Daphne Tolis, eine freiberufliche Produzentin, die in Athen lebt, war bei den 20.000 Menschen, die durch die Innenstadt marschierten, von denen einige in Richtung der Hauptbüros von Hellenic Train gingen.
„Wut ist eines der Hauptgefühle der Griechen, da wir alle mehr oder weniger die Krankheitserreger des griechischen Staates kennen und unter uns häufig darüber diskutiert wird. Aber die Wut wächst, wenn der Gerechtigkeit nicht Genüge getan wird und die Gesetzgeber des Landes nicht zur Rechenschaft gezogen werden und weiterhin Immunität vor Strafverfolgung genießen, nur weil sie Mitglieder des griechischen Parlaments sind“, sagte sie gegenüber Euronews.
Nach griechischem Recht sind Abgeordnete vor externer Strafverfolgung gefeit und mögliches Fehlverhalten kann nur vom Parlament untersucht werden. Kritiker machen die Regierung teilweise für die Tragödie verantwortlich und kritisieren ihre mangelnden Investitionen in das Transportsystem, dem ihrer Meinung nach wesentliche Sicherheitsmerkmale fehlen, die das Recht der Europäischen Union vorschreibt.
Für einige ist der Absturz eng mit der Privatisierung der staatlichen griechischen Eisenbahngesellschaft verbunden, die während der Schuldenkrise des Landes Teile davon an das italienische Unternehmen Ferrovie dello Stato verkauft hatte. Mehrere argumentieren, dass die Folgen dieses Verkaufs dazu geführt hätten, dass die Sicherheit der Fahrgäste an Priorität gesunken sei und dass Funktionen des Schienennetzes, die die Sicherheit gewährleisteten, in der Folge unterfinanziert worden seien.

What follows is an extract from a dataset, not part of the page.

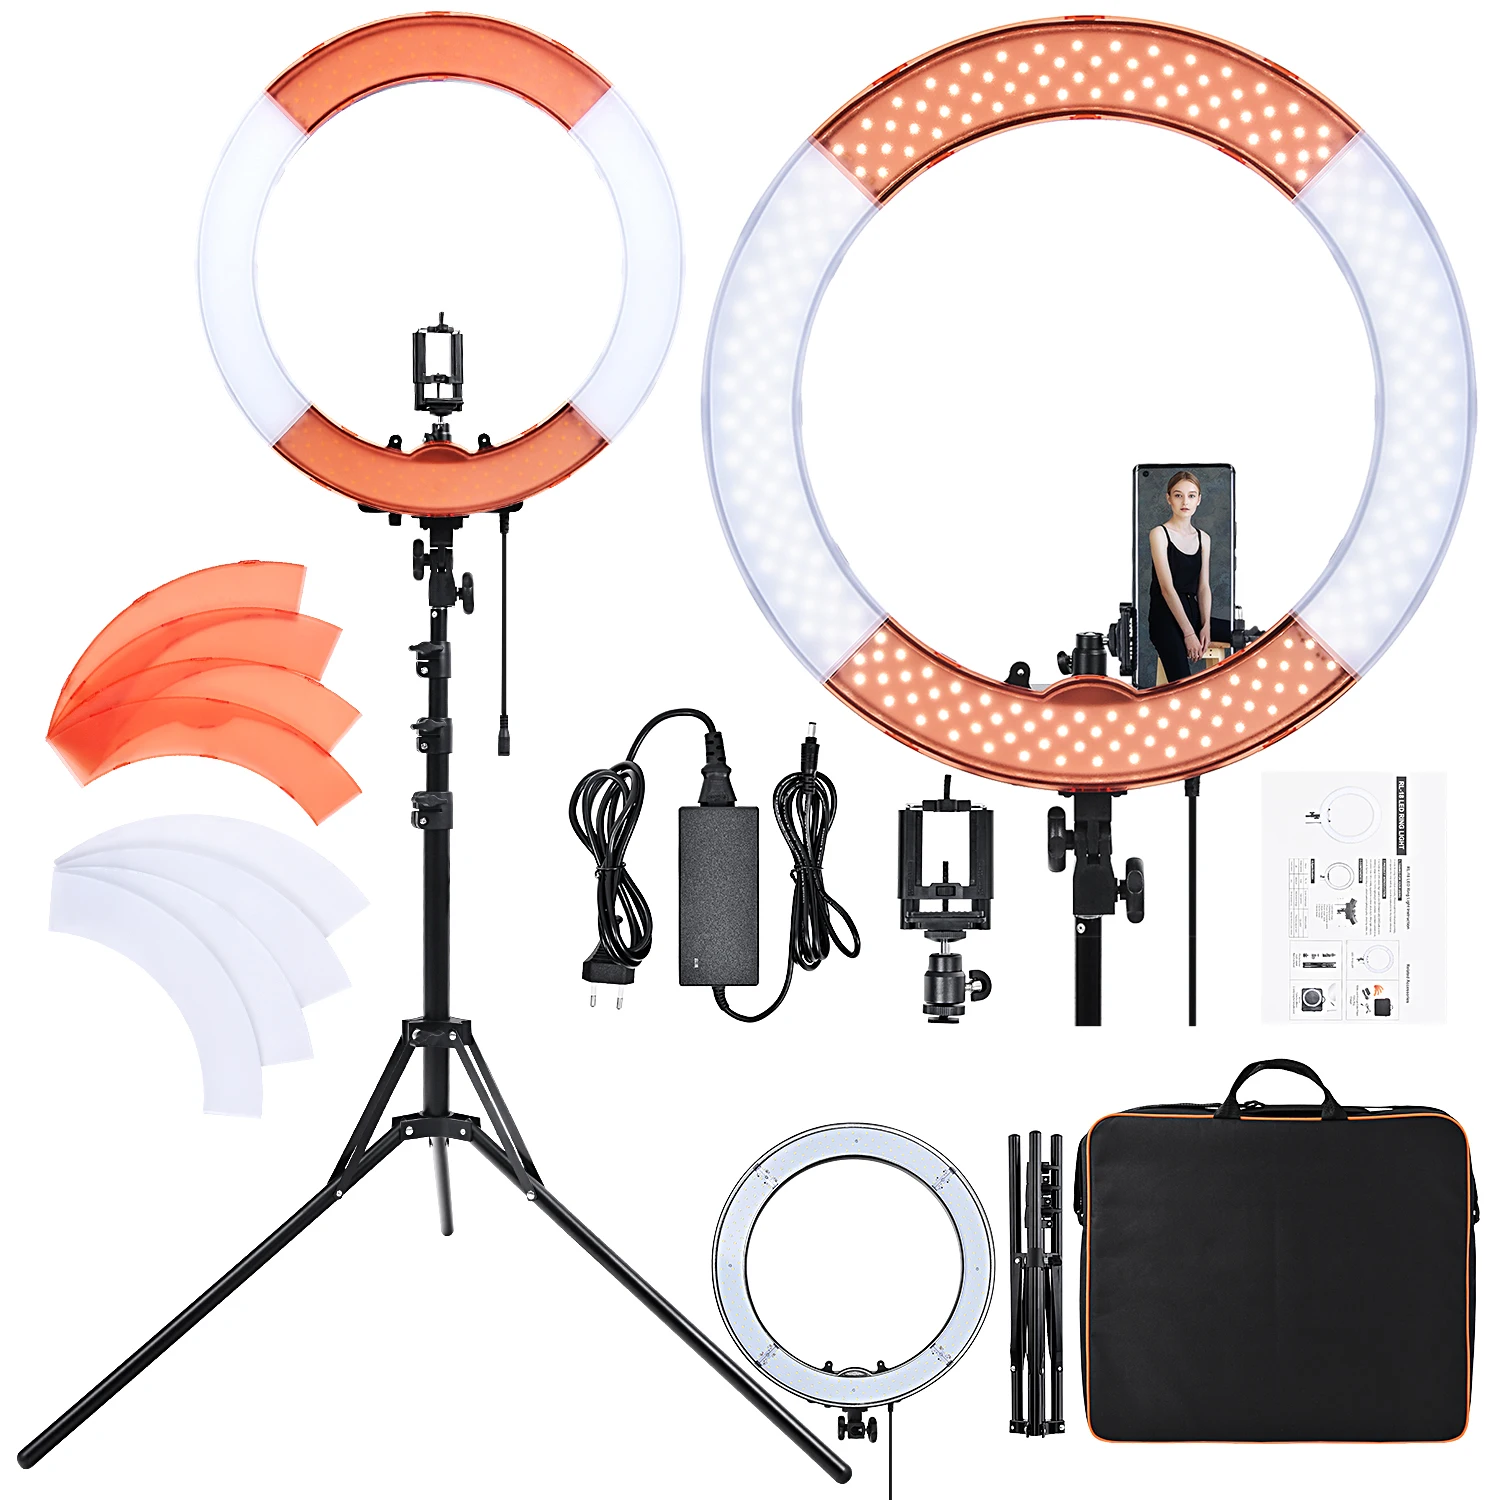 

FOSOTO Ring Light Kit:18"/48cm Outer 55W 5500K Dimmable LED Ring Light, Light Stand, Carrying Bag for Camera,Smartphone,YouTube, Black

Parallel zu den Protesten rief die Dachgewerkschaft der Beamten ADEDY, die eine halbe Million Staatsbedienstete vertritt, am Mittwoch den öffentlichen Sektor zum Streik auf. Auch andere Gewerkschaften organisierten Streikaktionen, die in der griechischen Hauptstadt zu Zusammenstößen zwischen Demonstranten und Polizisten führten.
Social-Media-Nutzer äußerten in einem Beitrag auf
Die griechische Regierung hat angedeutet, dass der Prozess nach einer einjährigen Untersuchung im Juni beginnen wird. Der griechische Premierminister Kyriakos Mitsotakis sagte in einer Erklärung anlässlich des Jahrestages: „Es könnte jedoch eine gewisse Erleichterung bringen, wenn alle Ursachen des Übels ans Licht kommen.“ Wenn alle Zweifel ausgeräumt sind. Wenn selbst die absurdesten Gerüchte widerlegt werden. Und vor allem, wenn die Schuldigen bestraft werden. Und das wird passieren.“
Derzeit wurden 34 Eisenbahner festgenommen, darunter der Bahnhofsvorsteher, der Dienst hatte, als die beiden Züge zusammenstießen.
Viele Angehörige der Opfer äußerten ihr Misstrauen gegenüber den offiziellen Ermittlungen und beauftragten eigene Ermittler mit der Begründung, dass der in den Unfall verwickelte Güterzug unter anderem illegale Fracht transportiert habe.
Die Hellenic Railways Organization (OSE), die das griechische Eisenbahnnetz betreibt, behauptet, die Sicherheit des Netzes sei durch die Installation von 300 Infrarotkameras in Tunneln seit dem Absturz verbessert worden und mache Fortschritte bei der Implementierung von Sicherheitssystemen, räumt jedoch ein, dass noch weitere Verbesserungen erforderlich seien.